::: DATASET SECTION :::

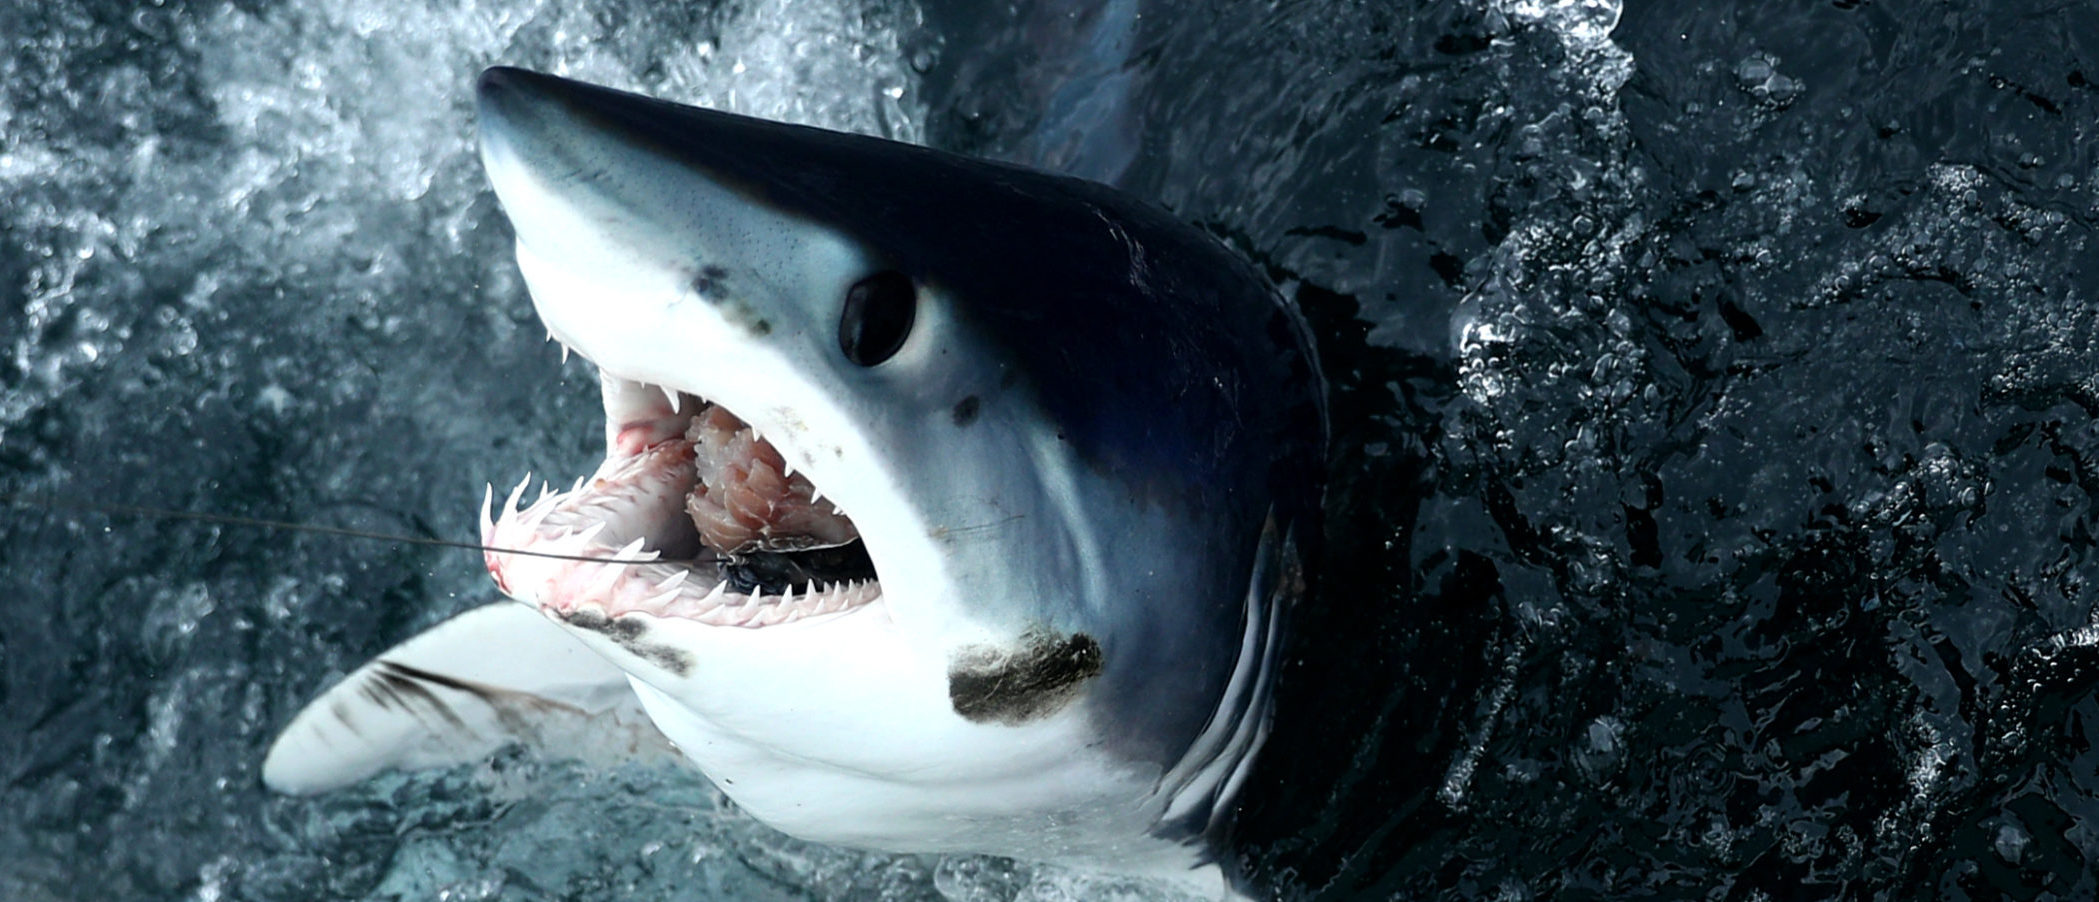 Porbeagle, targeting porbeagle in Ireland, shark fishing, sharks
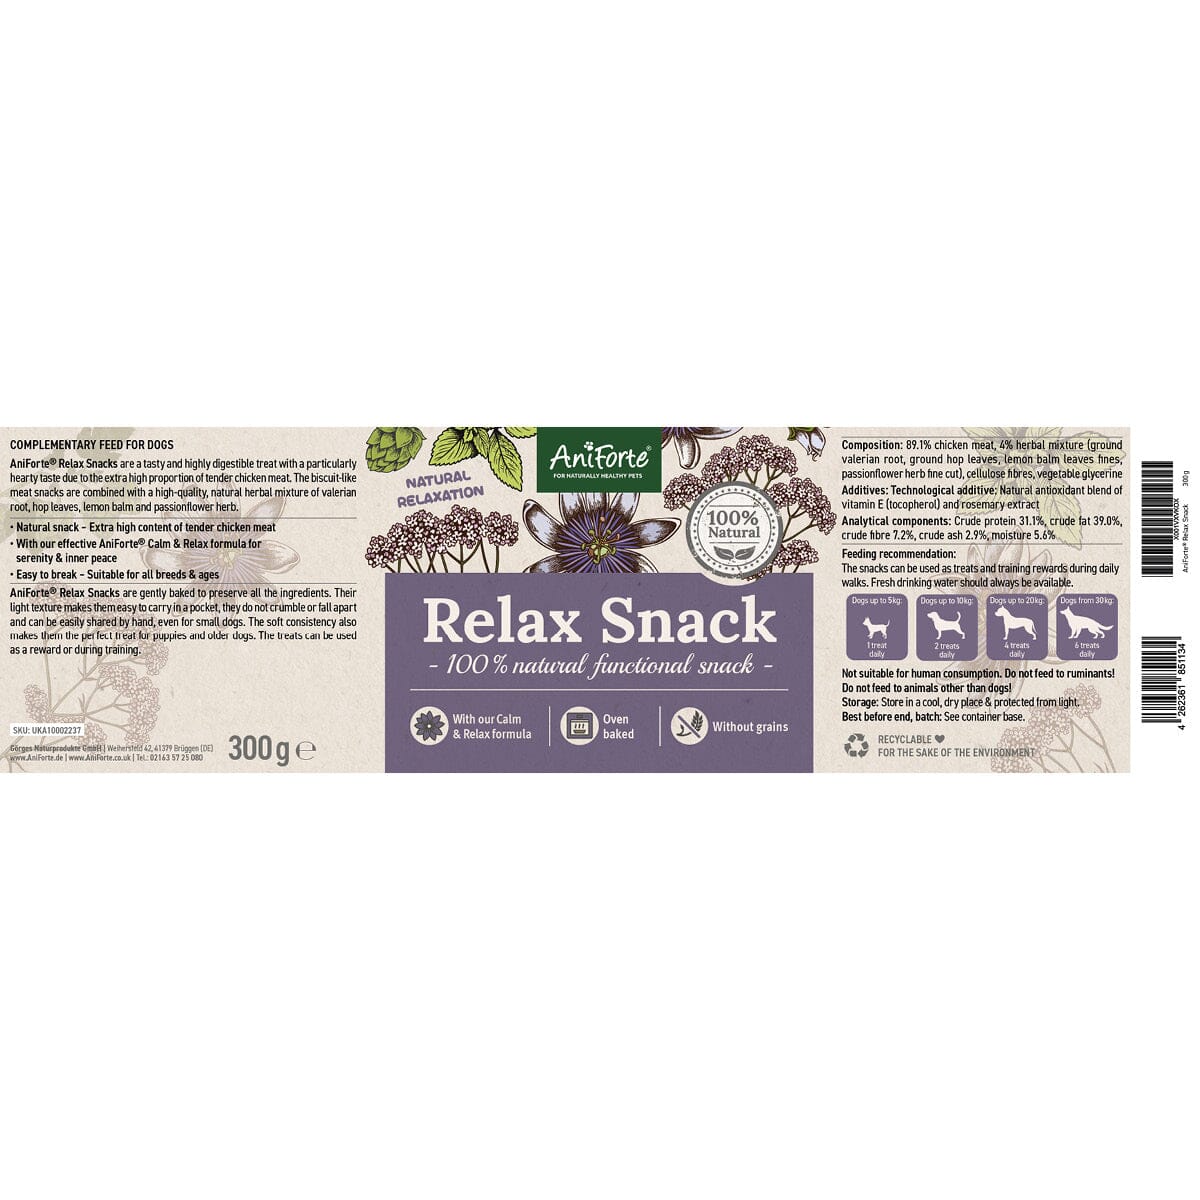 Relax Snack - AniForte UK
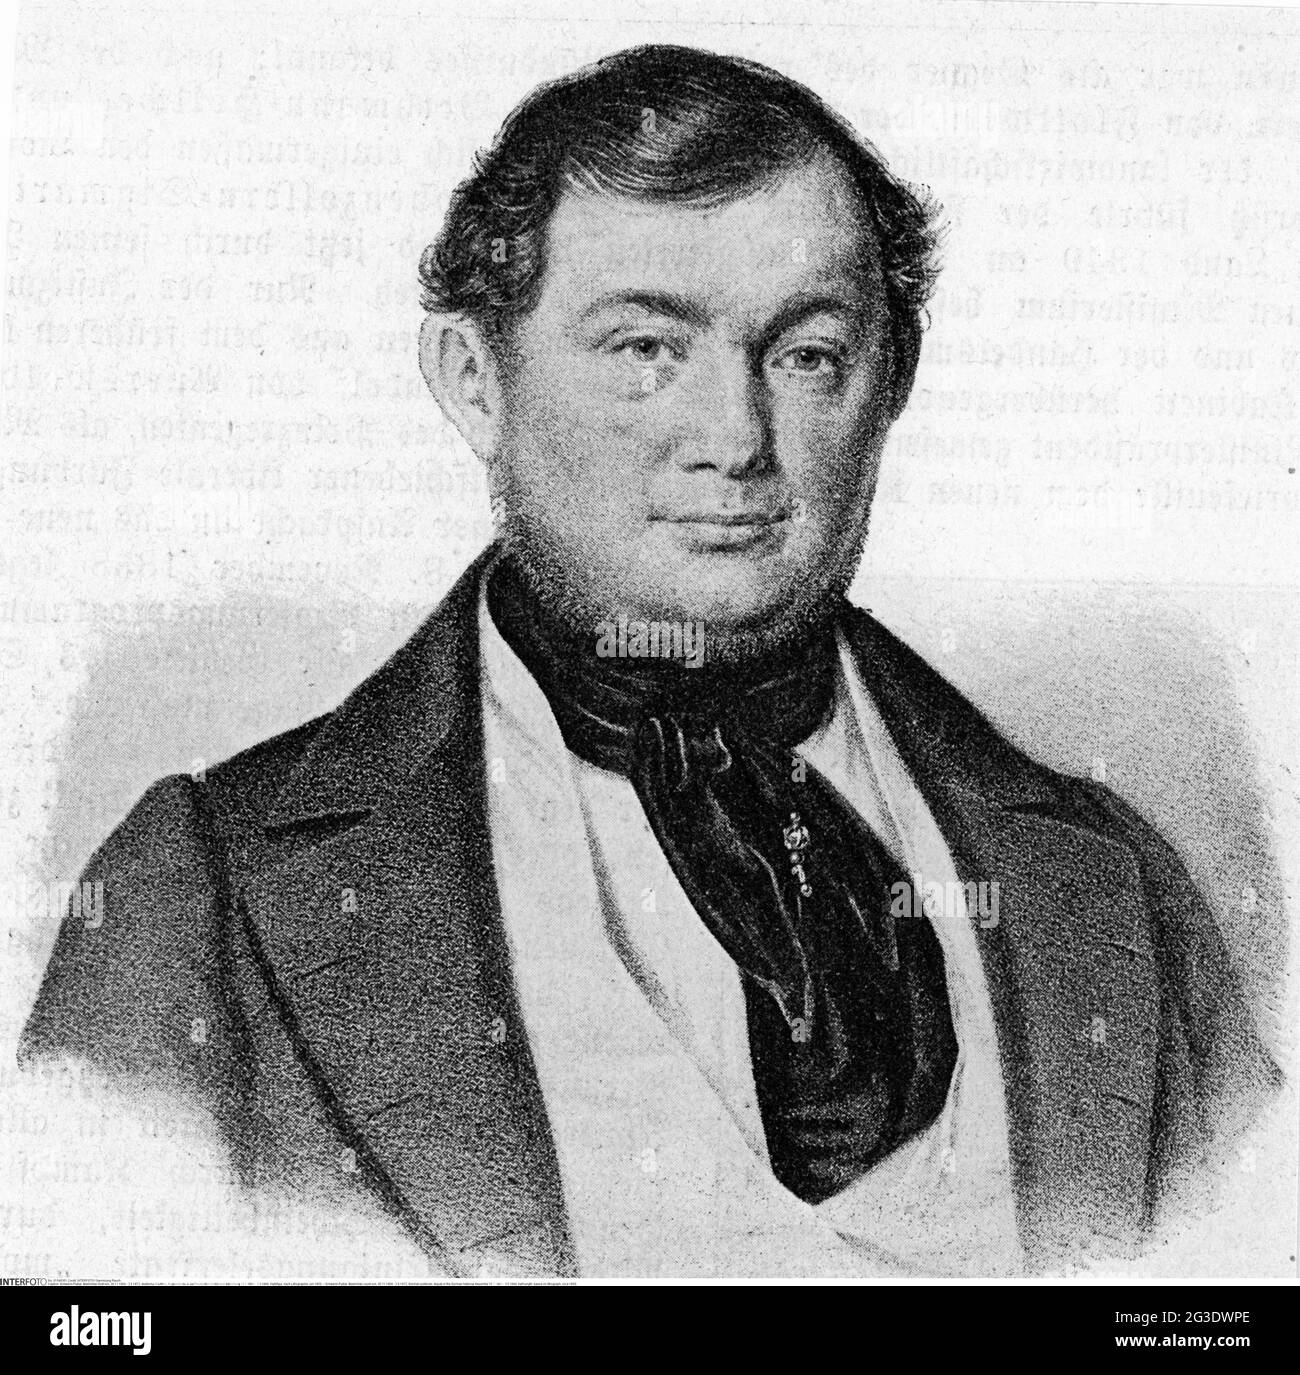 Schwerin-Putzar, Maximilian count von, 30.11.1804 - 2.5.1872, German politician, ARTIST'S COPYRIGHT HAS NOT TO BE CLEARED Stock Photo

:::

» WORK REQUEST:
Send back every line of the listing exactly. Omit the images.

» RESULT:
 Porbeagle, targeting porbeagle in Ireland, shark fishing, sharks
 Relax Snack - AniForte UK
 Schwerin-Putzar, Maximilian count von, 30.11.1804 - 2.5.1872, German politician, ARTIST'S COPYRIGHT HAS NOT TO BE CLEARED Stock Photo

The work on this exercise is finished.